What we mostly get in Dancing On Dangerous Ground is long, repetitive episodes of group dancing, interspersed with equally repetitive, and not especially spectacular, solos and occasional would-be significant looks.

Any drama soon goes by the wayside. Tony Kemp gives a sympathetic account of the grey-haired husband, Finn McCool, so far as his brief and largely static opportunities allow. But Jean Butler manages to be both pert and coy as the heroine Grania, and Colin Dunne makes a sulky little lout of her supposed heart-throb, Diarmuid. And it's difficult to see any real attraction between them. Is that why their only romantic number is performed in semi darkness?

So does the dancing make up for this? Well the first-night audience seemed determined to give frequent ovations, but I wondered what were they making such a fuss about. Butler has a pretty way with skipping bounciness, and a curious propensity for clutching the scenery, but by the time you see the same movement phrases over and over again they become a little empty. Too bad that lack of adagio in Irish dance makes her supposed solo of grief as light and lively as anything else she does.

The supporting ensemble run around in circles, advance in threatening phalanxes, or just sit or stand and stamp their feet. Trendily bearded, unruly haired Dunne does much the same, but more so, and usually with a fierce scowl, except when he lets his mouth hang open to indicate emotion. So maybe it is the music that gets people - so far as it can be heard under the clatter of these not so tiny feet.

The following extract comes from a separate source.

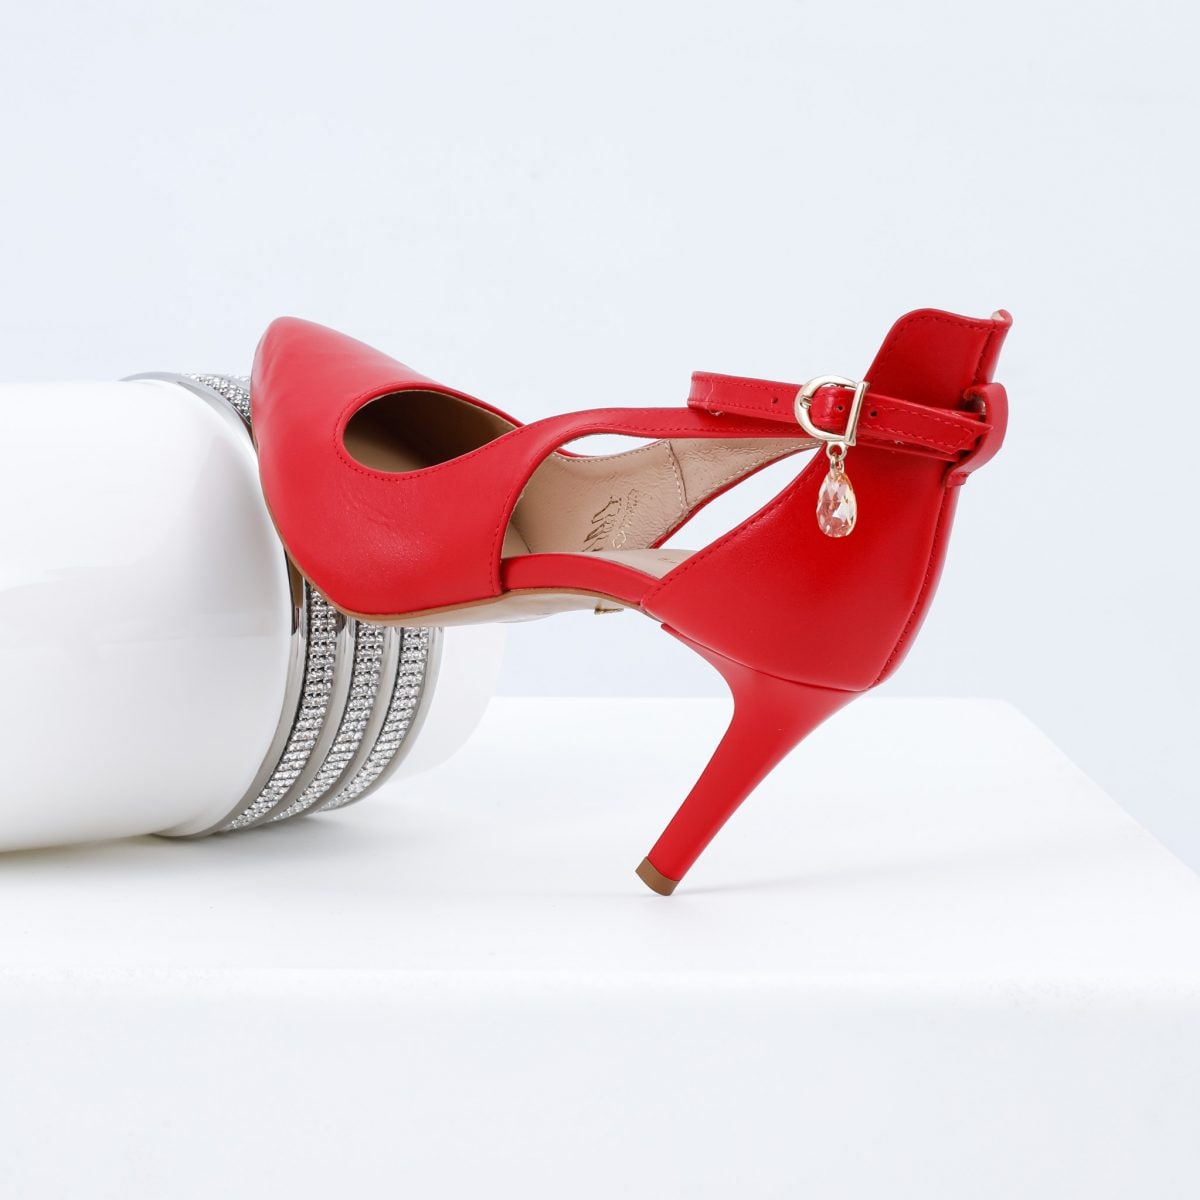 Biele svadobné topánky? Vyniknite a postavte na fuksiovú, červenú alebo žltú farbu!

Written by Seamus Egan and played by his group, Solas, Dancing On Dangerous Ground offers a real Irish stew of background tunes but no great sense of theatrical purpose. In just one respect the show prompts superlatives: it has some of the weirdest costumes I have seen all year. Butler's white wedding dress is certainly the silliest - swooping almost to the floor at the back, but only mini length in front, and worn over very solid black stockings. In this, just imagine, she sits and crosses her legs. What style!